== Exercise goal ==
All entries must be repeated exactly. No picture should appear in the result.

(Beginning of Information given)

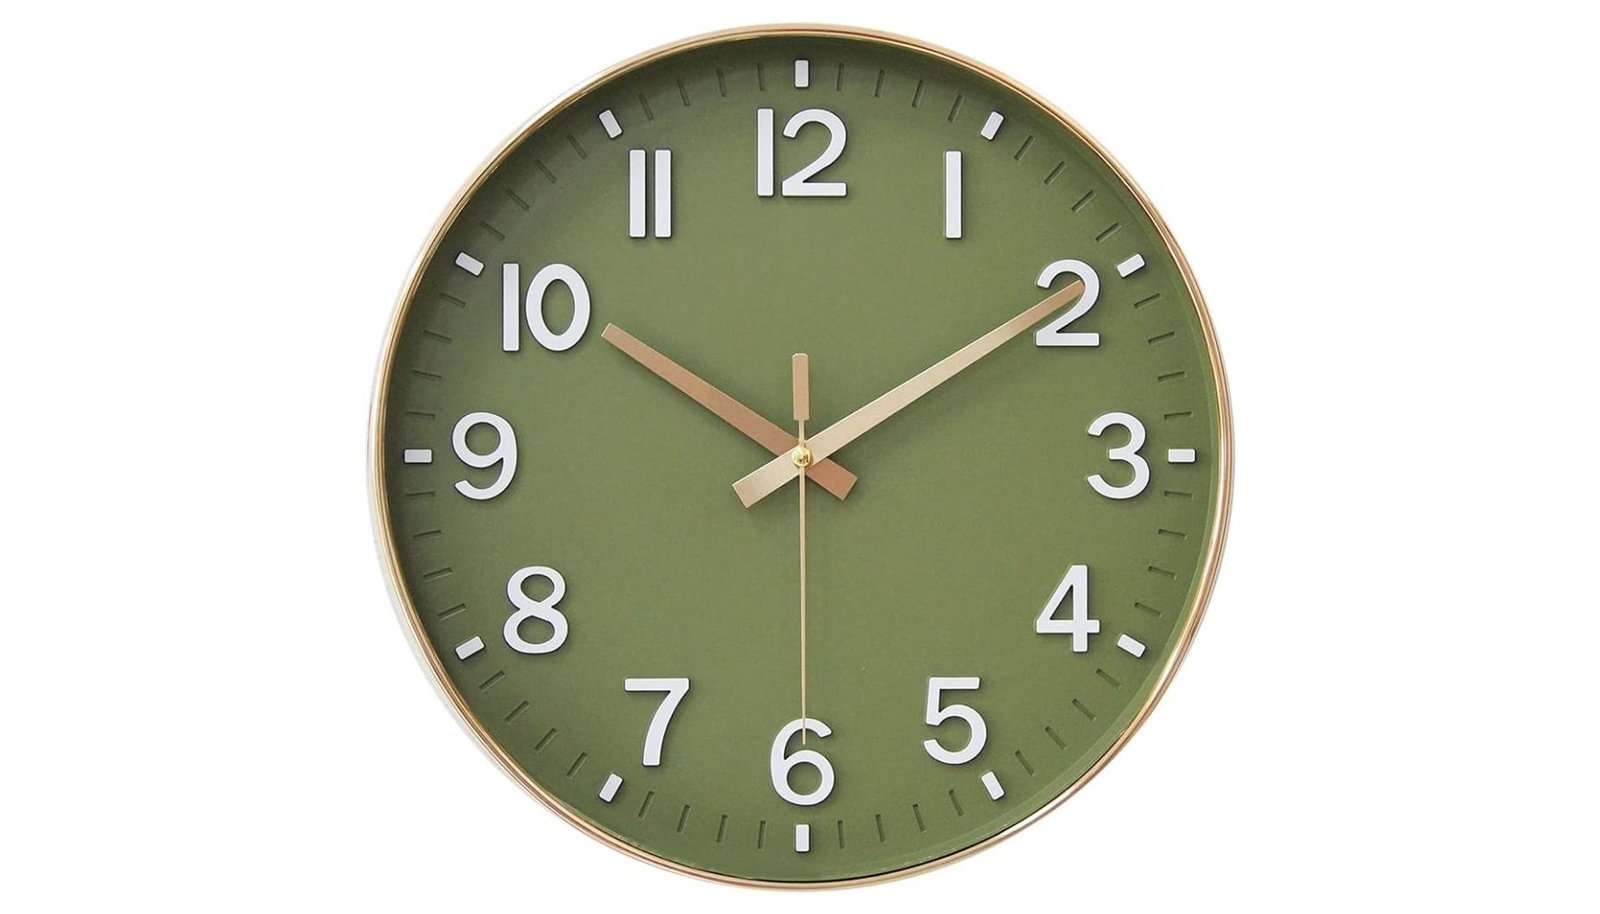 HZDHCLH 12 Inch Living Room Modern Wall Clock Review
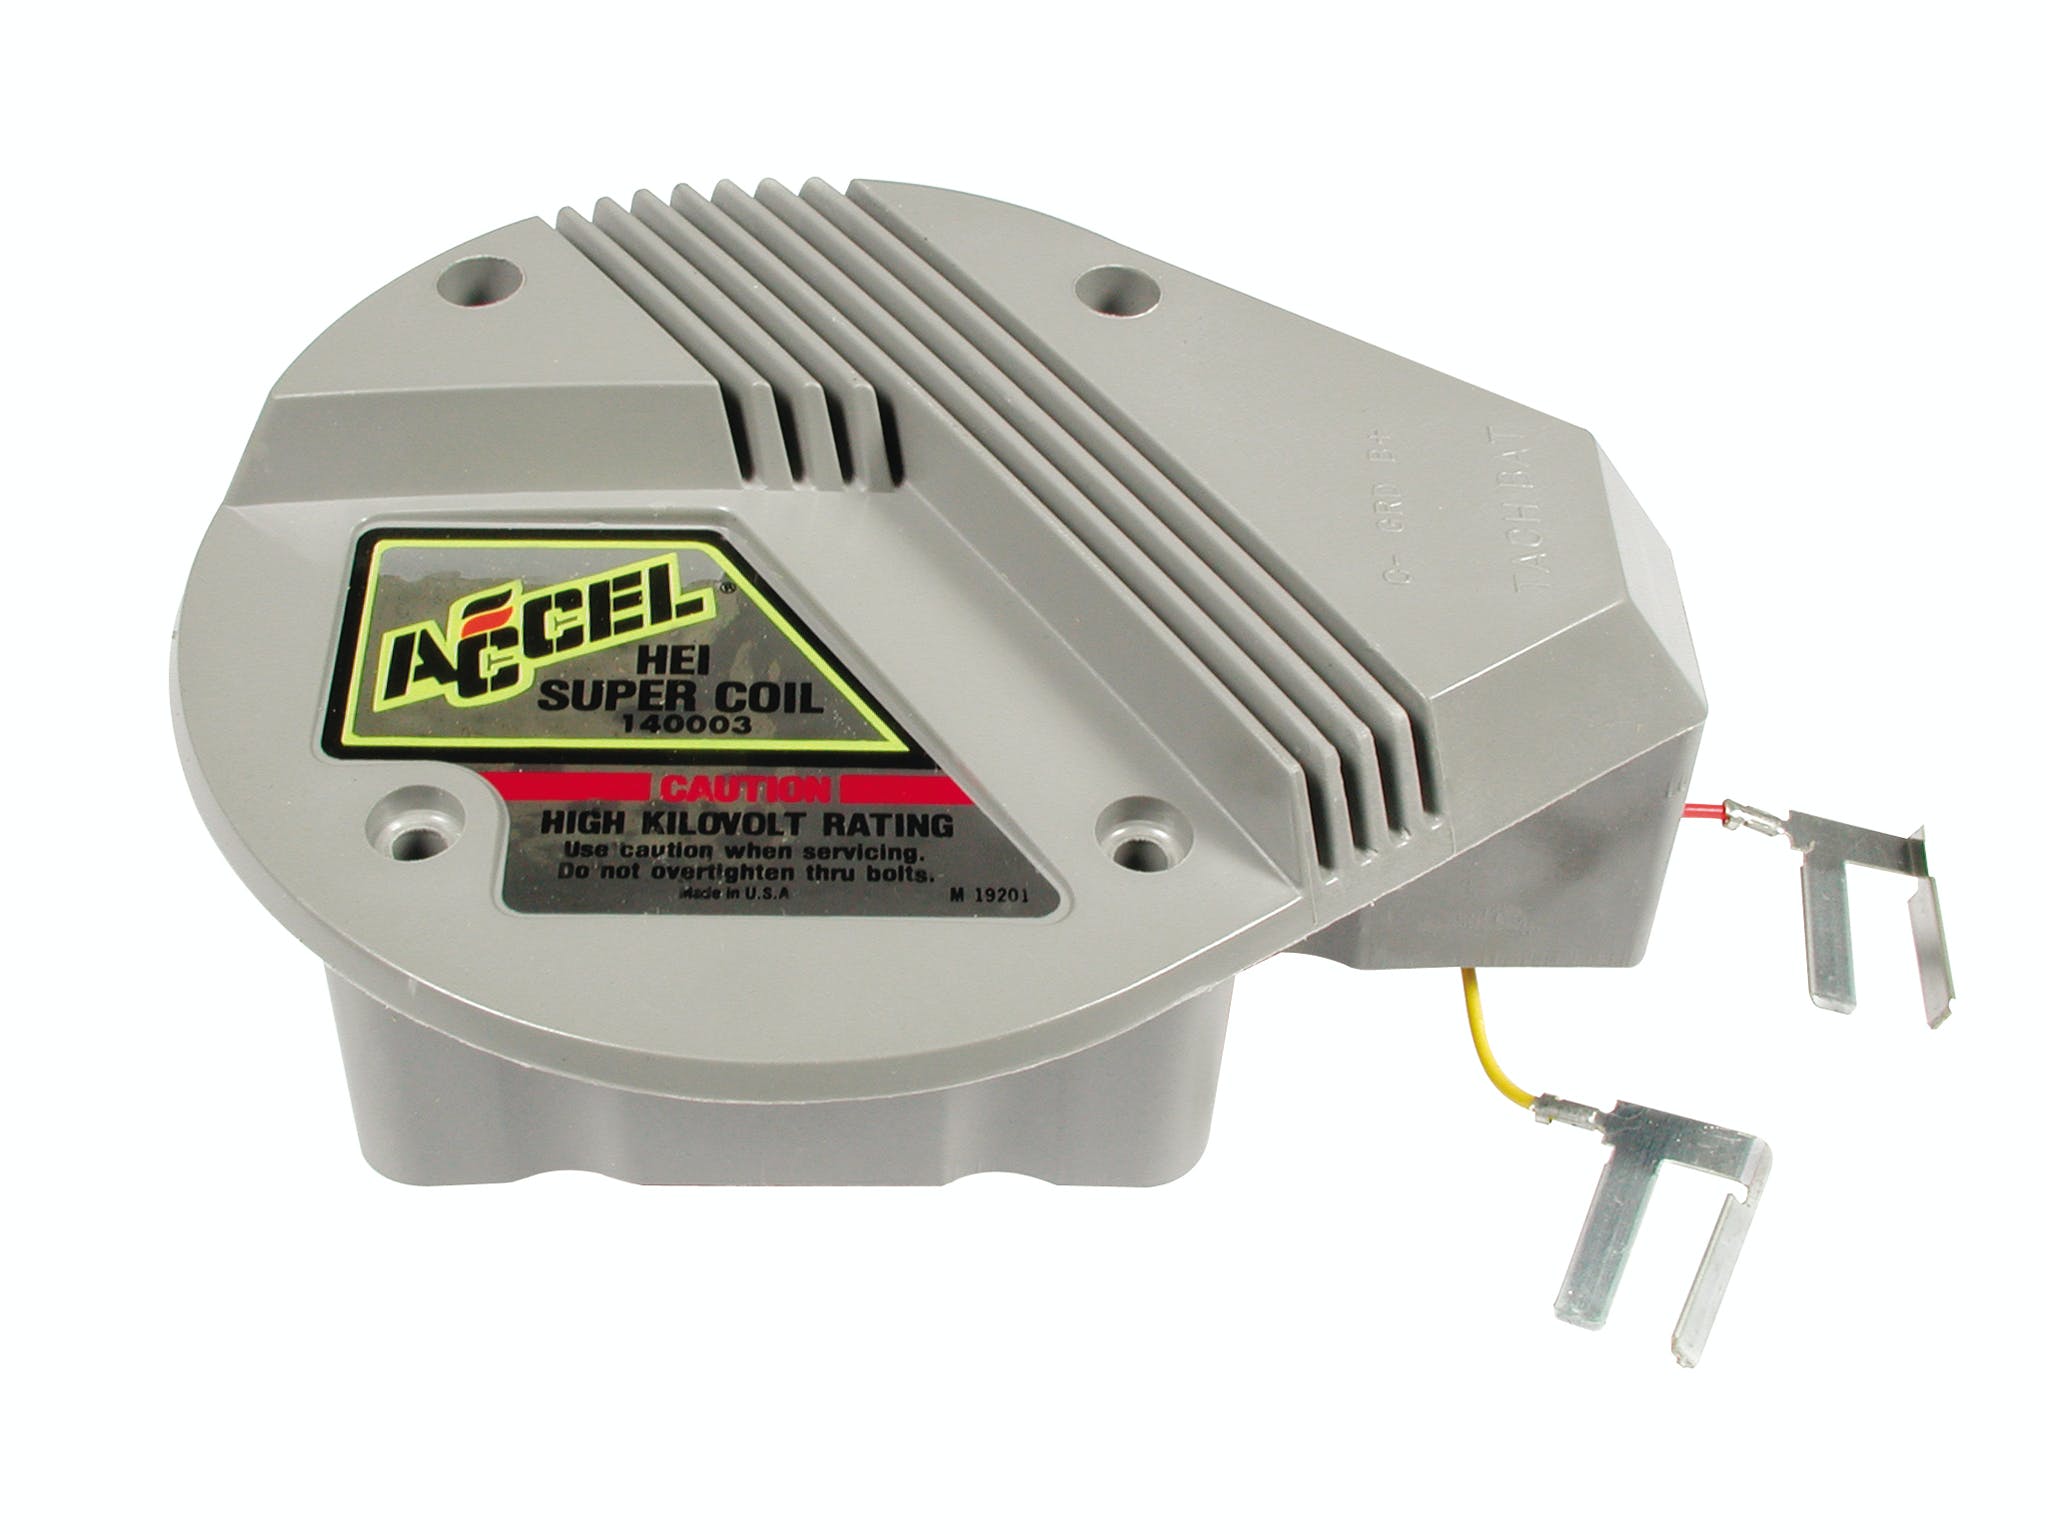 ACCEL 140003 GM HEI SUPERCOIL RED and YELLOW
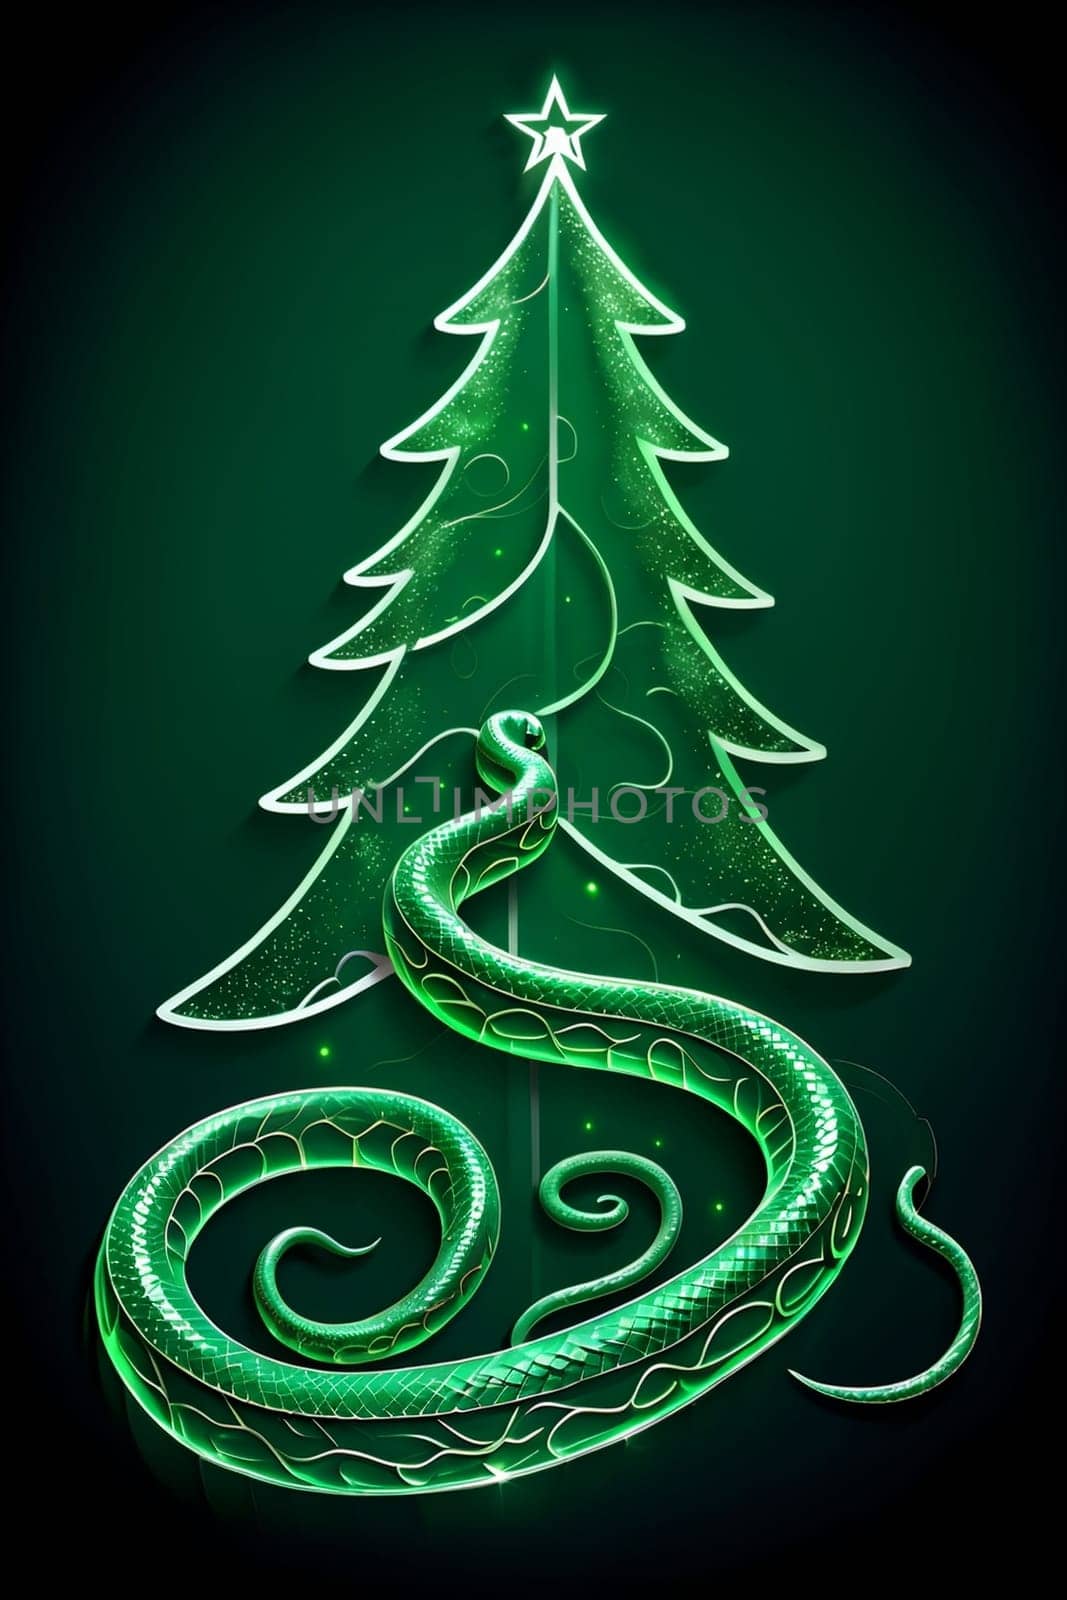 green fir tree and snake on green background .
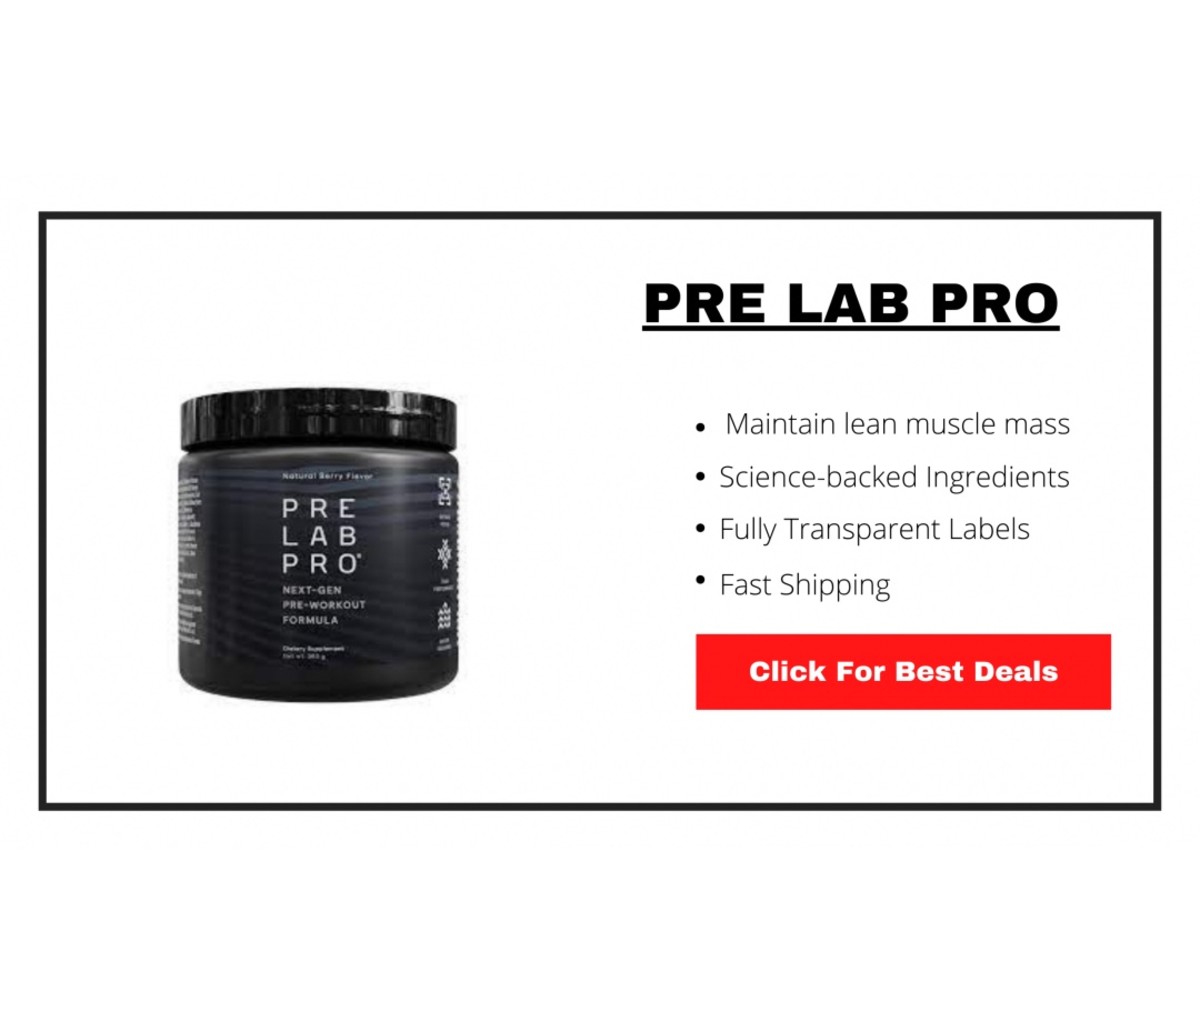 This guide will review five of the best pre-workout supplements that boost muscle growth, increase endurance, increase metabolism, and energize you.
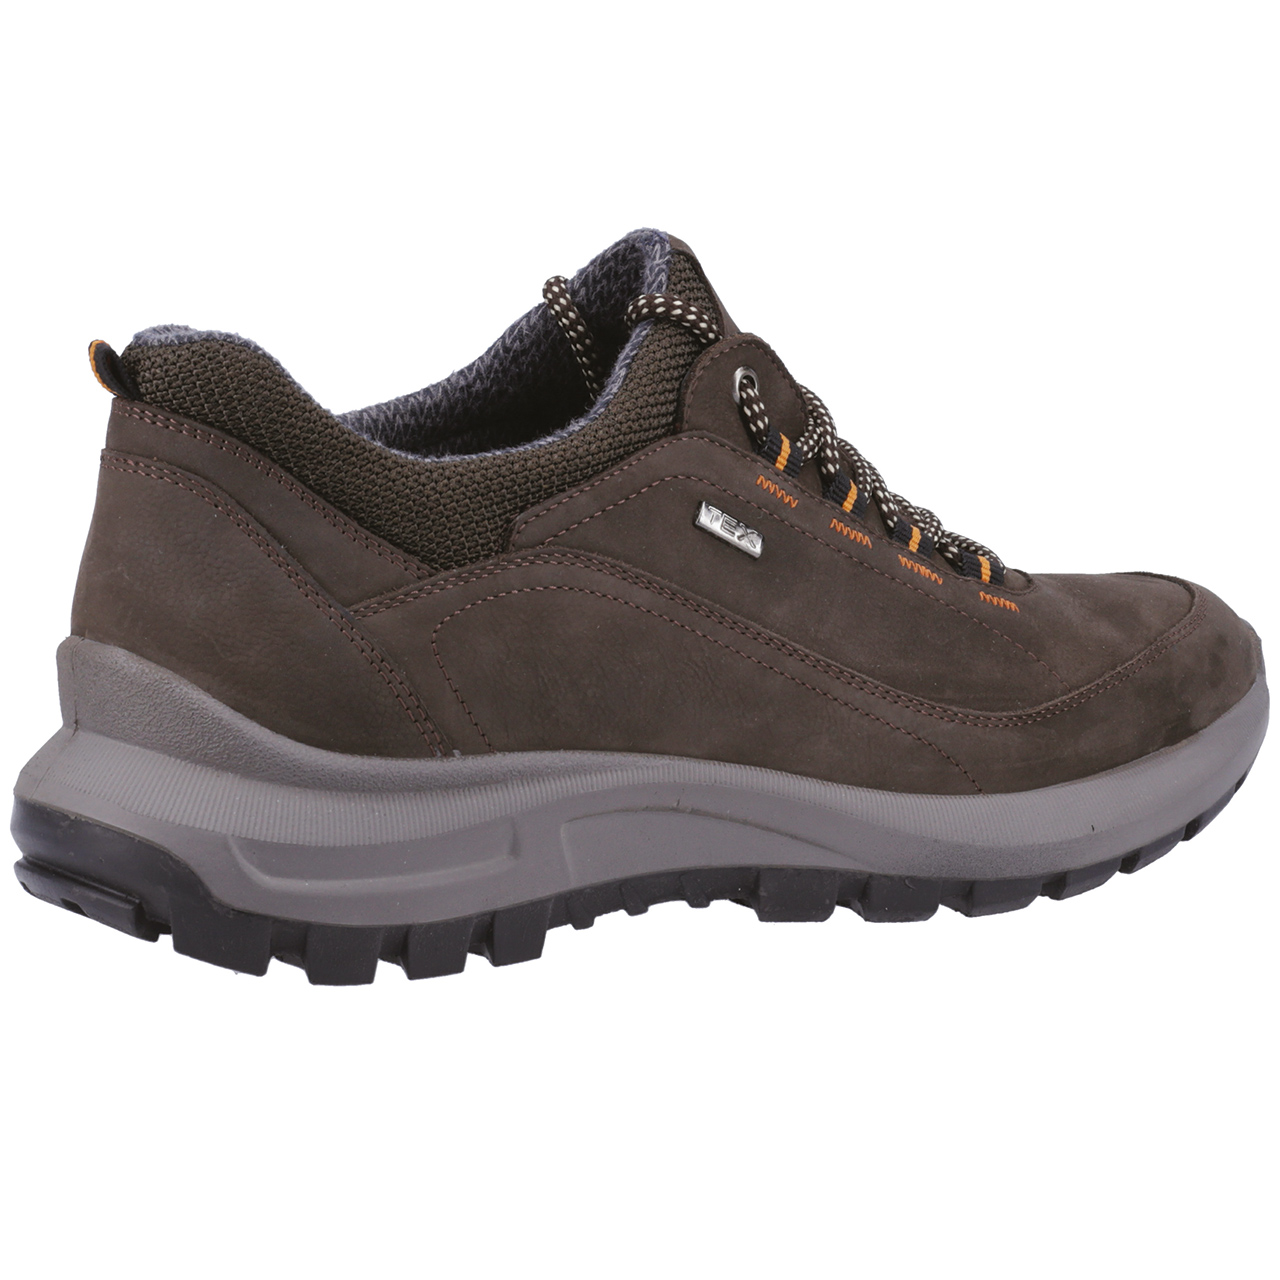 Dumbleton Lightweight Leather Waterproof Shoes

(End of Information given)

== Final answer ==
 HZDHCLH 12 Inch Living Room Modern Wall Clock Review
 ACCEL 140003 GM HEI SUPERCOIL RED and YELLOW
 green fir tree and snake on green background .
 This guide will review five of the best pre-workout supplements that boost muscle growth, increase endurance, increase metabolism, and energize you.
 Dumbleton Lightweight Leather Waterproof Shoes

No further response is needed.